沈父整個人被硬生生砸進地里,半個身子都陷了下去。
四周暴走的領域當場一滯。
白川低頭看著他,語氣平靜,「你有理由,也有資格向我復仇。」
「但你的實力,不夠。」
說完,白川抬手一壓。
那輪懸於右手掌心的熾陽驟然下墜,轟然鎮在沈父身上!
沈父體內翻騰的詭異氣息被瞬間鎮滅,整個領域也隨之轟然崩塌。
大廳恢復安靜。
院中那些草木倒長,枯萎復原的異象,全部停了下來。
廢墟中央。
沈父被鎮壓在地,胸膛起伏得厲害,他還想掙扎,可這種狀態連抬頭都變得艱難。
白川低頭看著他,沉默了兩秒,卻沒有直接下殺手。
姜豎愣了一下,看著白川撓了撓頭,以白川的性格,他原本還以為這一下會直接把人鎮死。
沈父躺在裂開的地面上,嘴角不斷溢血,氣息微弱而紊亂。
他勉強抬起眼,死死看著白川。
白川看著他,終於開口:「殺死沈小婉,並非我的本意。
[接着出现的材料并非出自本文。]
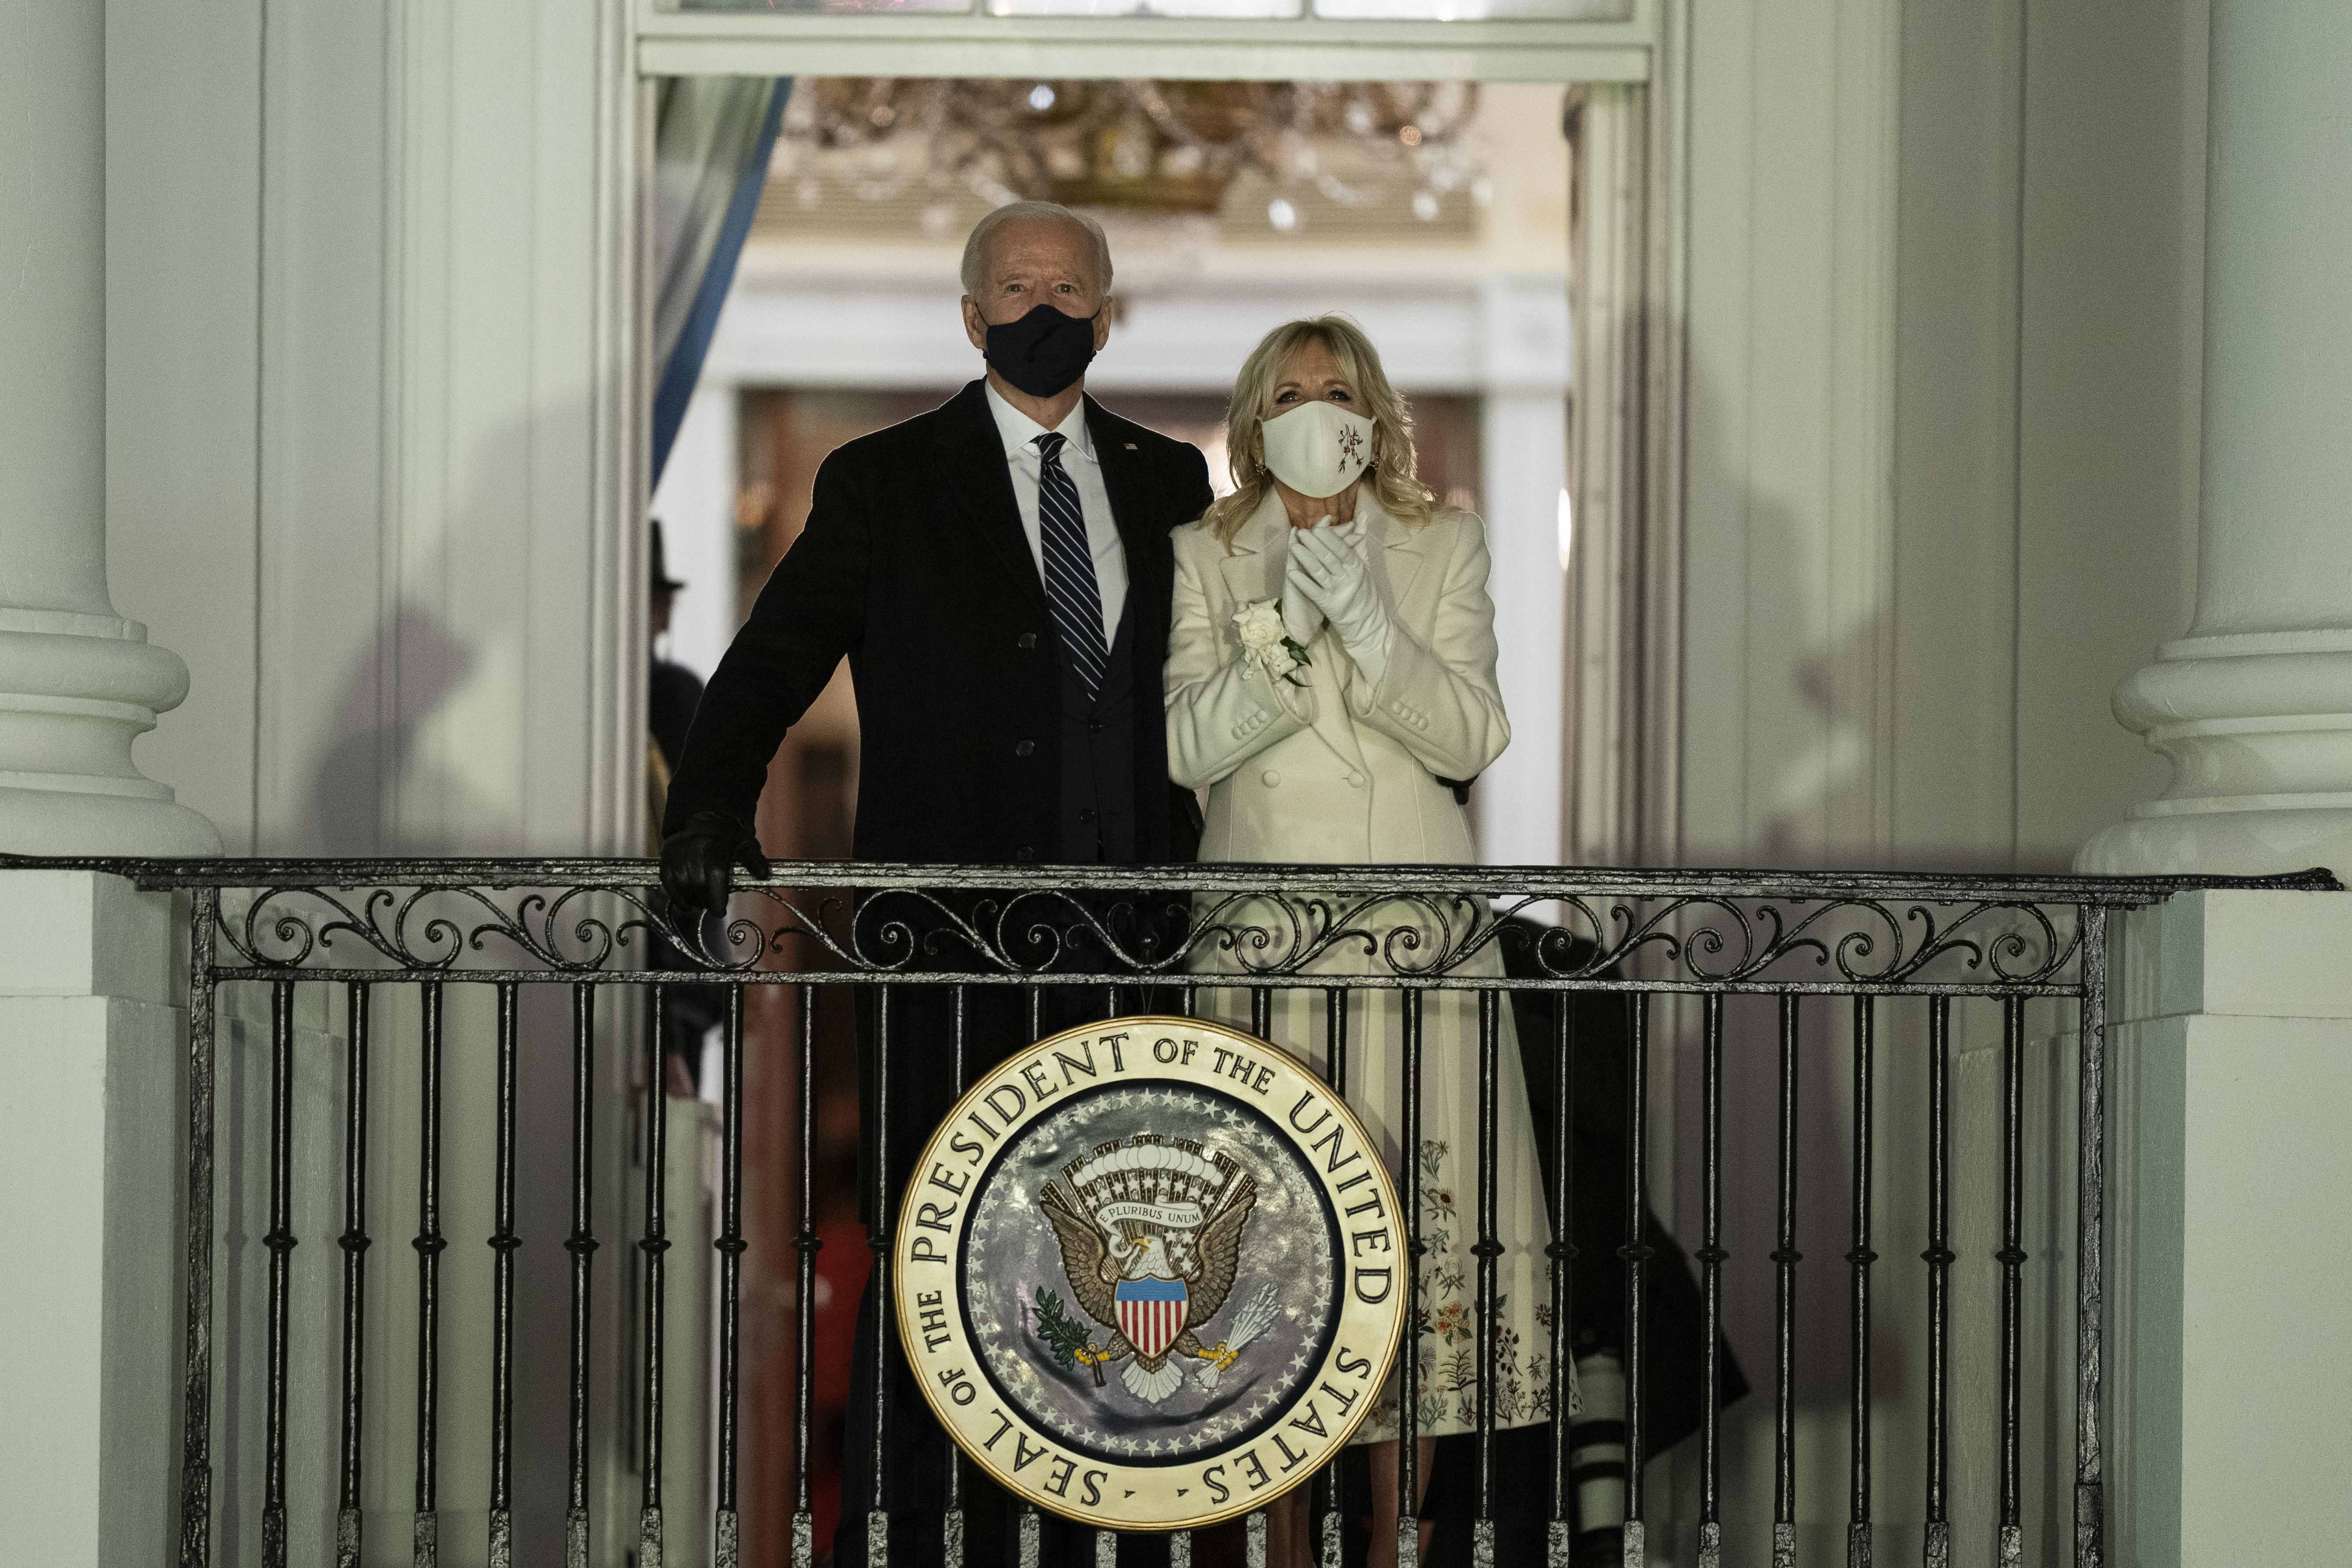 President Joe Biden and first lady Jill Biden watch fireworks from the White House, Wednesday, Jan. 20, 2021, in Washington. (AP Photo/Evan Vucci)

」
沈父身體微微一顫。
白川繼續道:「她應該死在那裡。」
沈父扯了扯嘴角,艱難地張開嘴,「死……」
「沒有……應不應該……」
白川沒有接話。
「幫我一個忙。」
「或許,可以救下你女兒。」
這句話落下的瞬間,沈父那雙原本已經有些灰敗的眼睛,猛地一凝。
連姜豎都怔住了,愕然地看向白川。
沈父死死盯著他,像是想從他臉上看出哪怕一絲玩笑或欺騙的痕跡。